#### [Exercise objective]
Your answer must restate the listing below word for word and contain no images.

#### [Dataset content]
_____

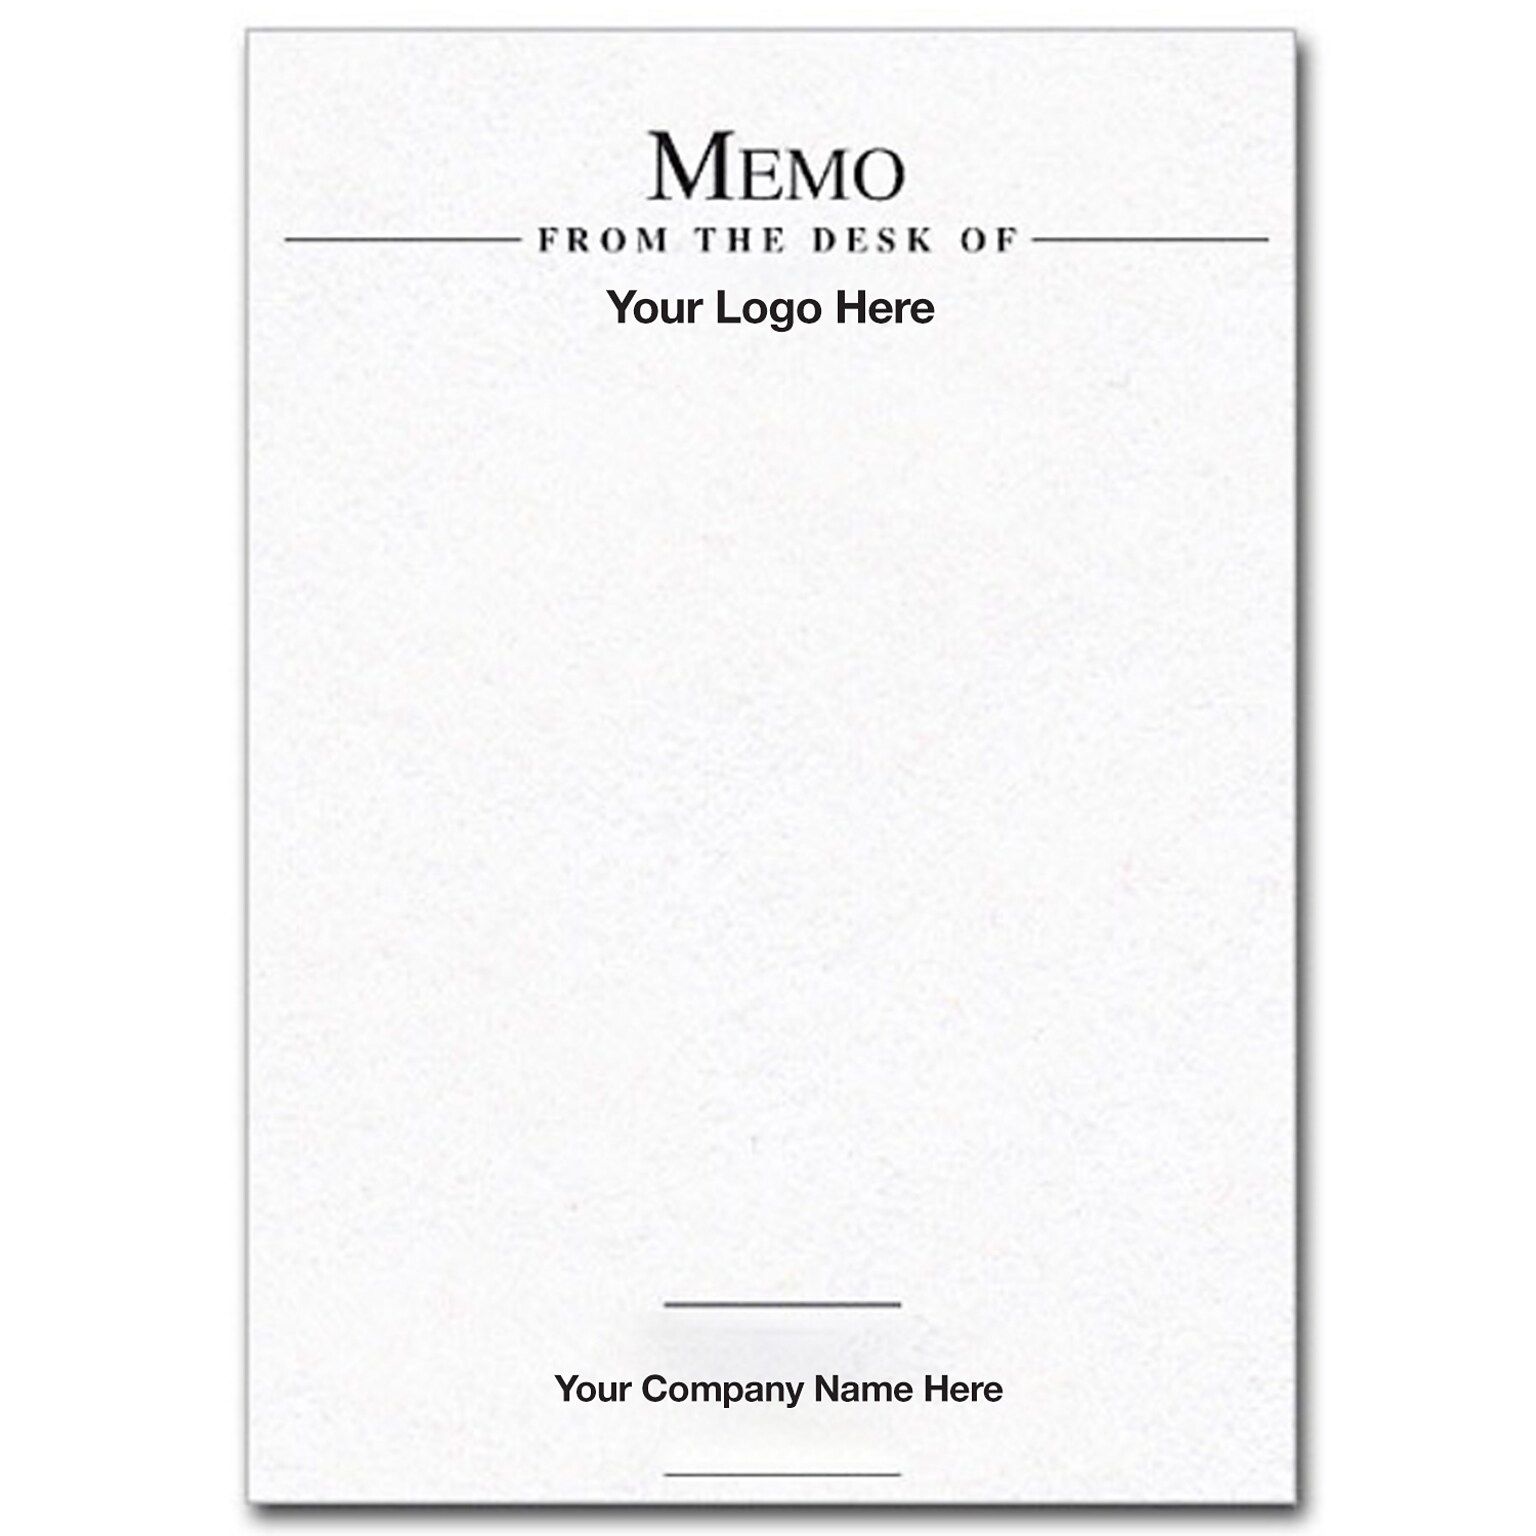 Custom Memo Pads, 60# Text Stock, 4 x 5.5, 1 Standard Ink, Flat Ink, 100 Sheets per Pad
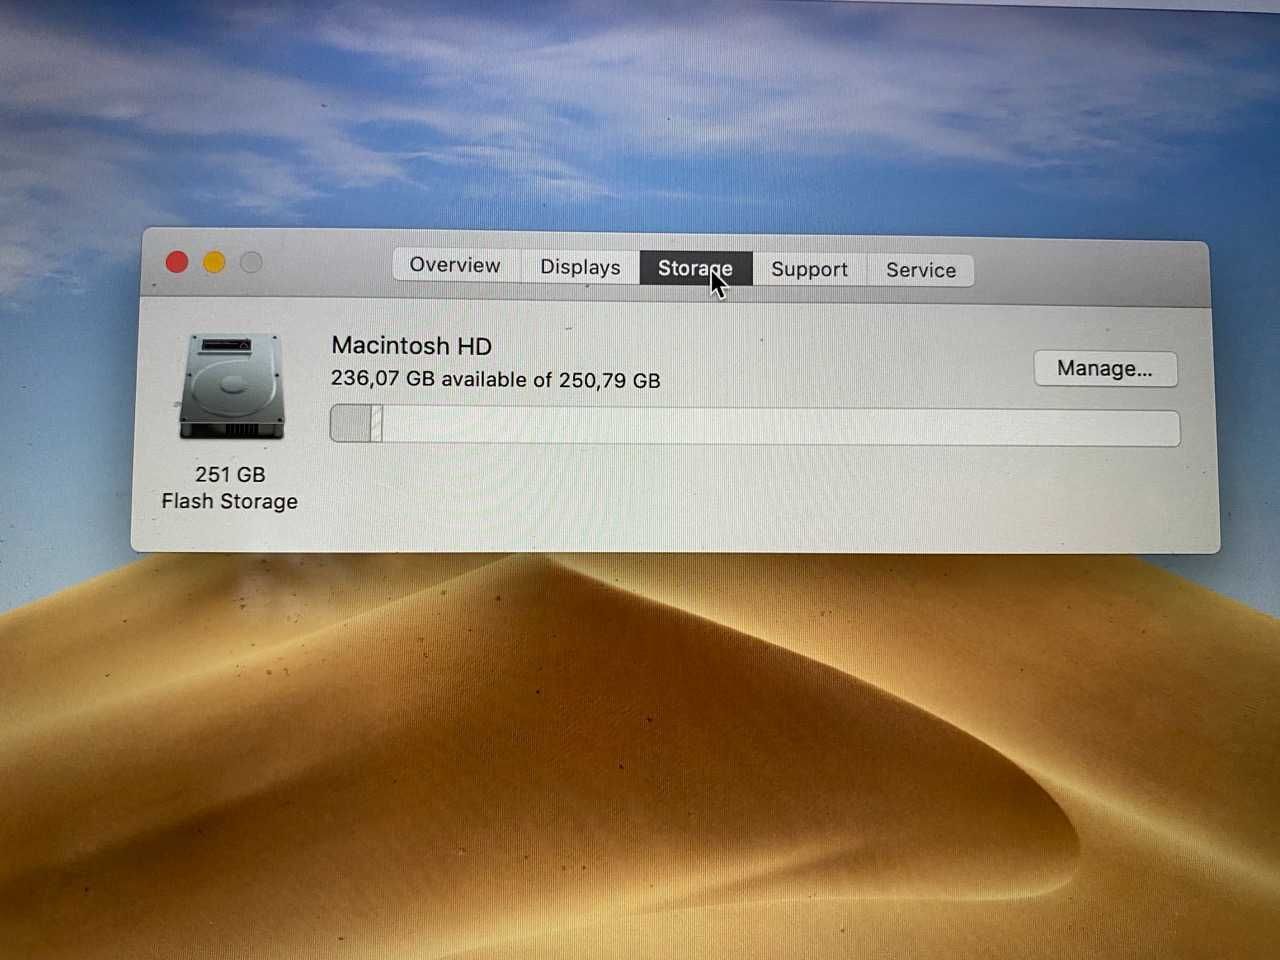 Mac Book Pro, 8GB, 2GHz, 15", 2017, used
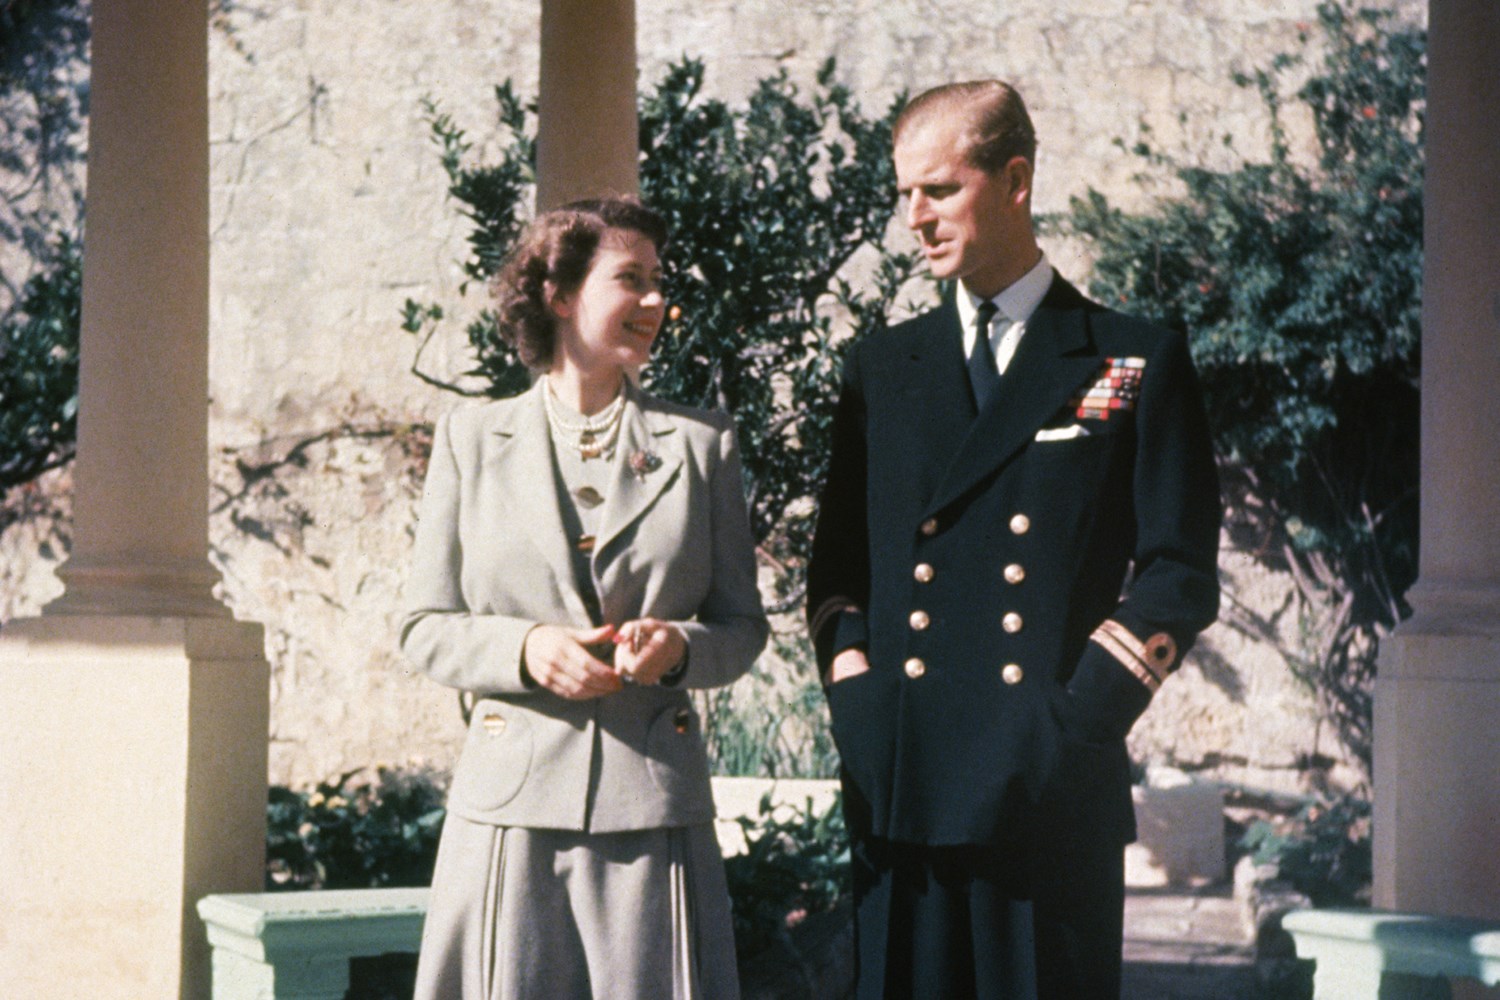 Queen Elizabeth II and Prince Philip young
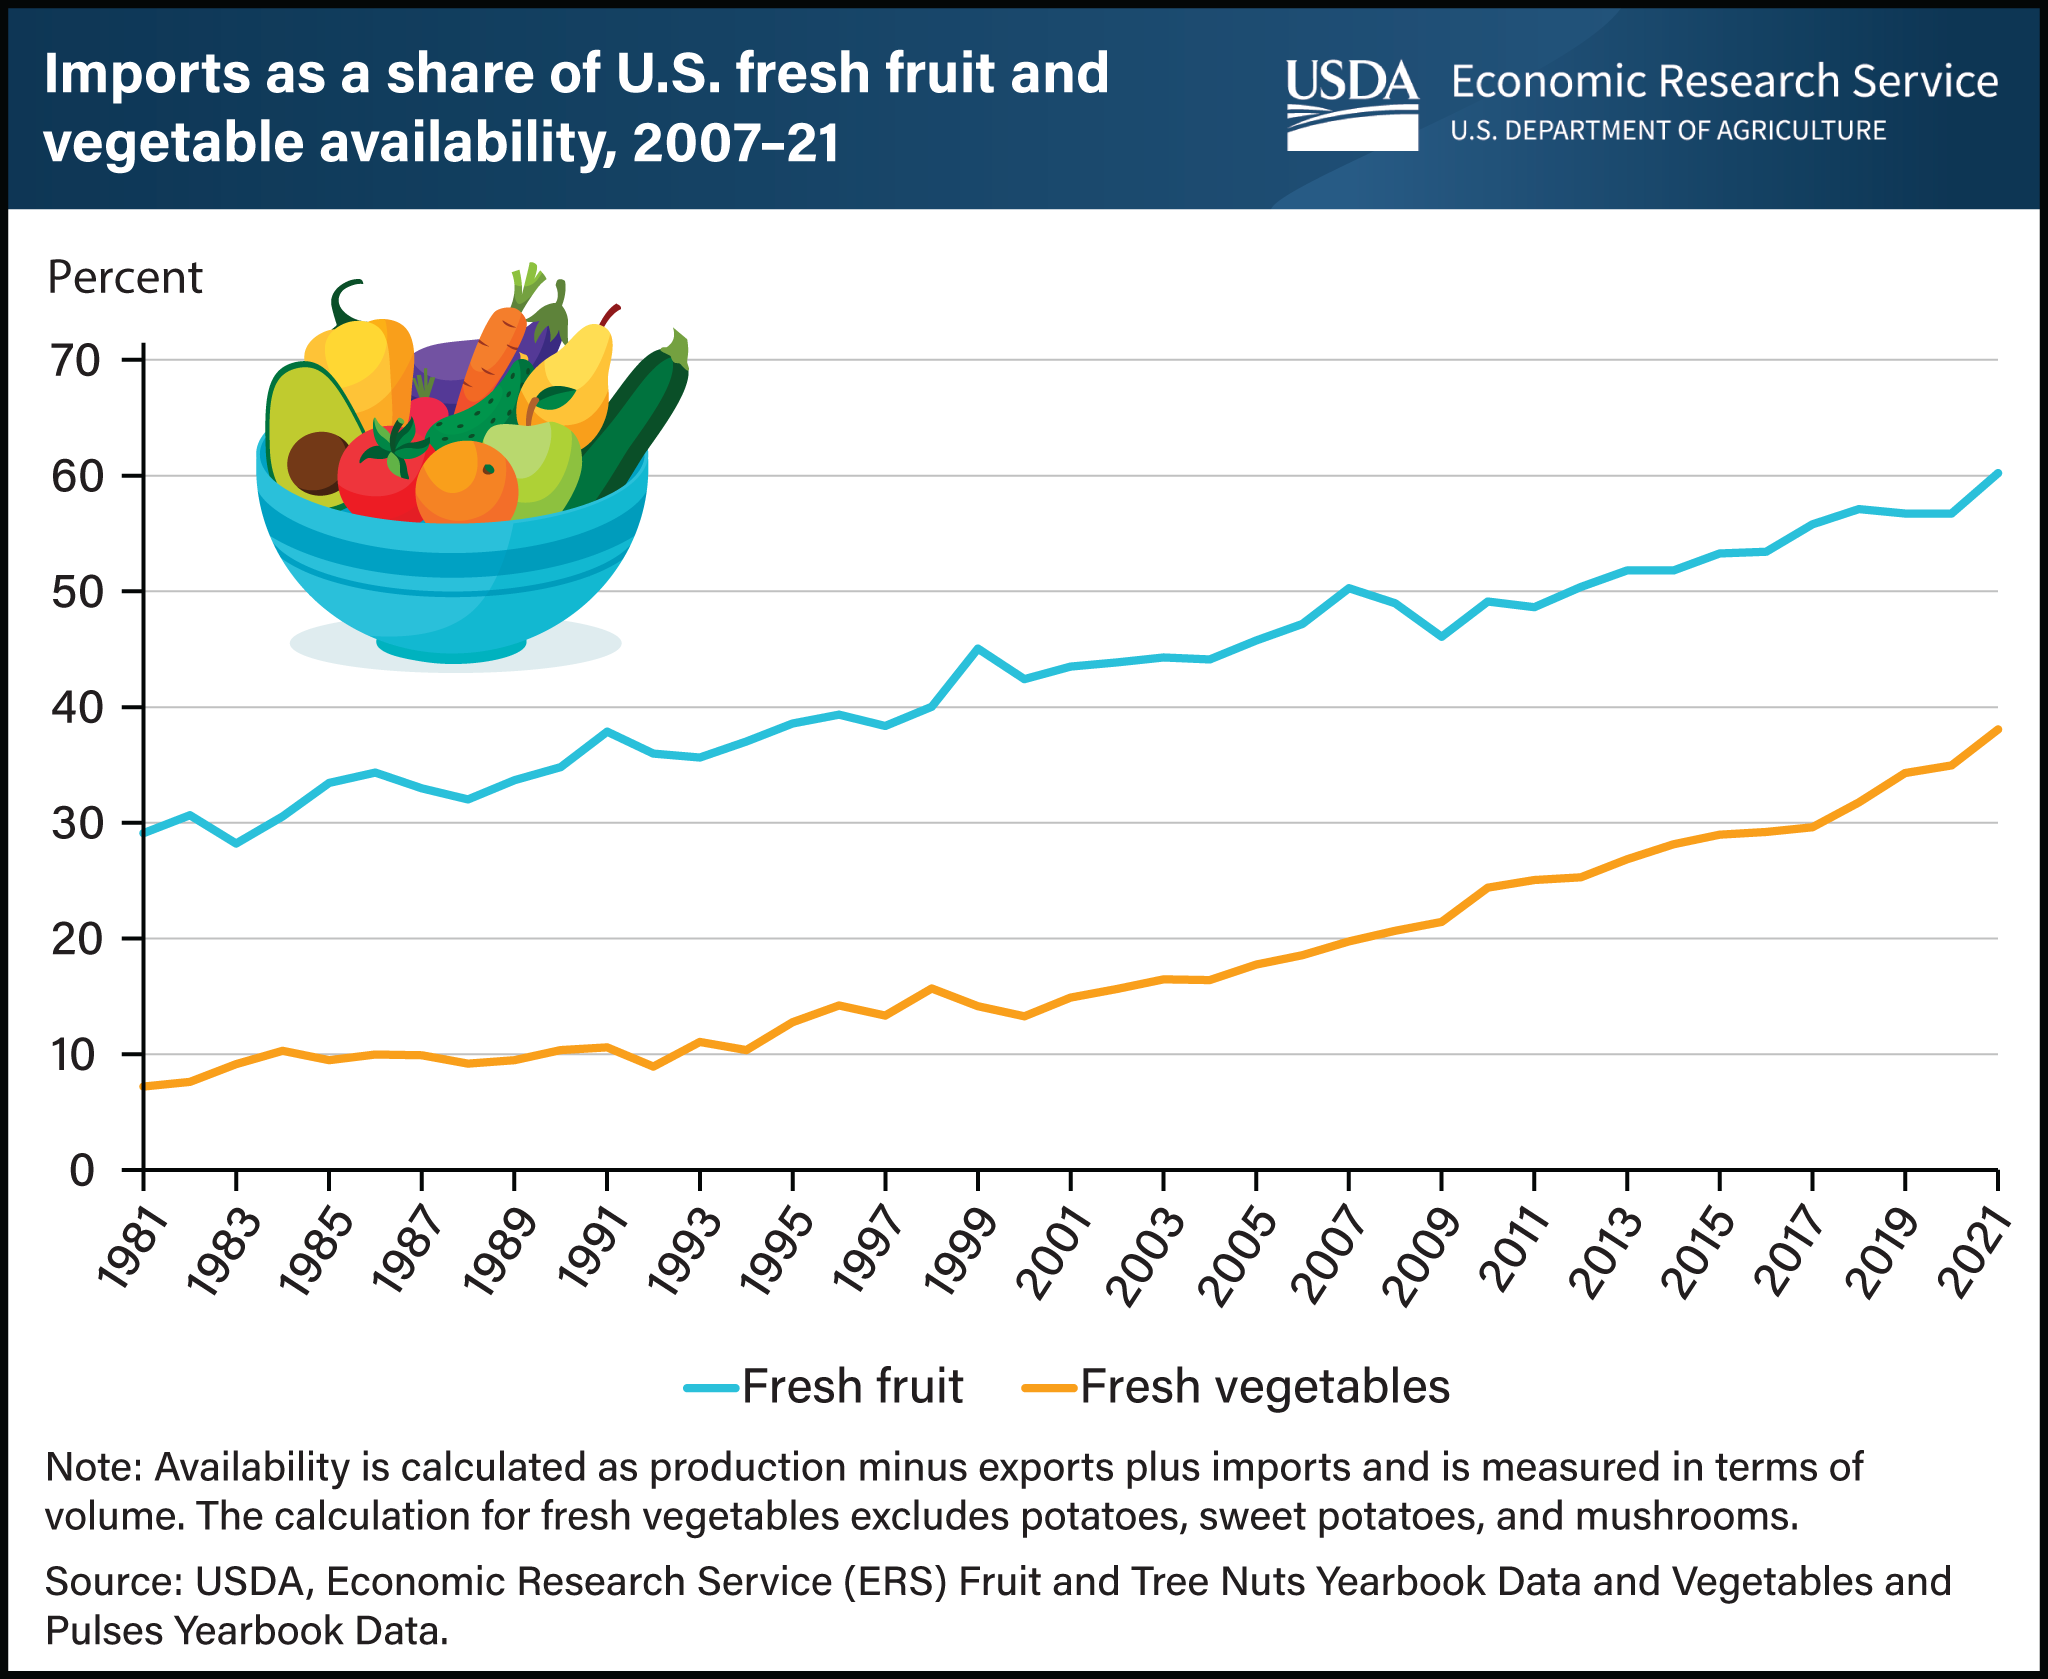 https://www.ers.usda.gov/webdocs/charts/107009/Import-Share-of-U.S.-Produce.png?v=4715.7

_____

#### [Answer space]
 Custom Memo Pads, 60# Text Stock, 4 x 5.5, 1 Standard Ink, Flat Ink, 100 Sheets per Pad
 Mac Book Pro, 8GB, 2GHz, 15", 2017, used
 Queen Elizabeth II and Prince Philip young
 https://www.ers.usda.gov/webdocs/charts/107009/Import-Share-of-U.S.-Produce.png?v=4715.7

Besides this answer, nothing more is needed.